Le rilevazioni dell'Agenzia regionale per l'Ambiente segnalano presenza "molto abbondante" in corrispondenza del punto di rilevamento all'altezza del lido 'Il Trullo'

Torna l'allarme alga tossica sul litorale barese. Con un lieve ritardo rispetto agli anni scorsi (quando la presenza di Ostreopsis Ovata veniva rilevata già a partire da fine giugno), le rilevazioni dell'Agenzia Regionale per l'Ambiente (Arpa) relative alla seconda quindicina di luglio evidenziano per la prima volta quest'anno la presenza dell'alga.

Alga tossica: dove a Bari e in provincia

La zona interessata, per il momento, è solo quella di San Giorgio (punto di rilevamento all'altezza del lido Il Trullo): qui la concentrazione rilevata è da bollino rosso ("molto abbondante"), con valori di 784.289 per le acque di fondo e 64.079 per le acque di colonna (il limite fissato dal Ministero della Salute per l'insorgenza di un eventuale rischio sanitario è di 10.000 cellule/litro in colonna d'acqua). Presenza rilevata anche, ma per il momento "scarsa", sul lungomare nord, nel punto di rilevamento a 200 metri a sud del lido Lucciola. Per il momento, la presenza di Alga tossica non è segnalata altrove, né sul litorale barese né in provincia.

I disturbi e le precauzioni da adottare

Ogni anno, i monitoraggi dell'Arpa vengono effettuati, nei mesi estivi, con cadenza quindicinale.
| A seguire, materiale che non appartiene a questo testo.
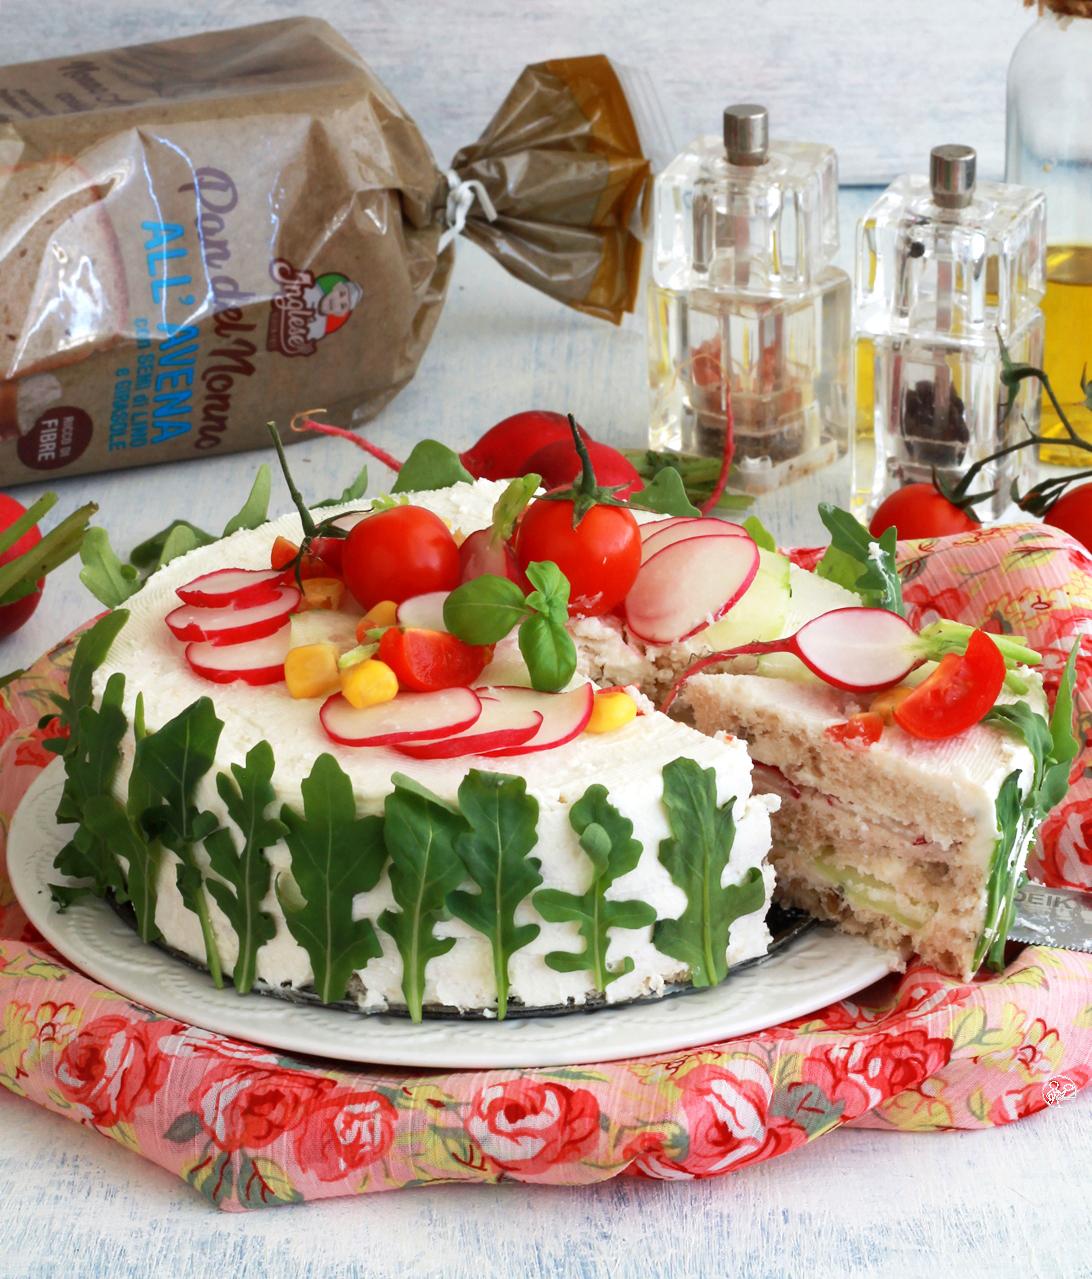 Sandwich cake senza glutine - La Cassata Celiaca

In caso di alta concentrazione nelle acque e sui fondali, l'alga tossica può provocare disturbi per i bagnanti (di carattere temporaneo come riniti, faringiti, laringiti, bronchiti, febbre, dermatiti, congiuntiviti) soprattutto nei giorni di forte vento e dopo le mareggiate, che favoriscono la formazione di aerosol marino, che  può diffondere la tossina nell’aria. Per questa ragione, in caso di accertata presenza di Ostreopsis, è opportuno evitare di stazionare lungo le coste rocciose durante le mareggiate e limitare il consumo alimentare di organismi quali, ad esempio, i ricci di mare, che potrebbero potenzialmente accumulare la tossina.

Il fenomeno dell'Alga Tossica

L'Ostreopsis Ovata è stata probabilmente introdotta nel Mediterraneo in maniera accidentale, per mezzo delle acque di zavorra delle navi. Le prime segnalazioni lungo le coste pugliesi risalgono agli anni 2000-2001. Il fenomeno si intensifica d'estate poiché si verificano quei fattori ambientali che ne facilitano la proliferazione, ovvero alte temperature, alta pressione atmosferica, condizioni di irraggiamento favorevoli, mare calmo per un periodo di tempo superiore a 10-15 giorni.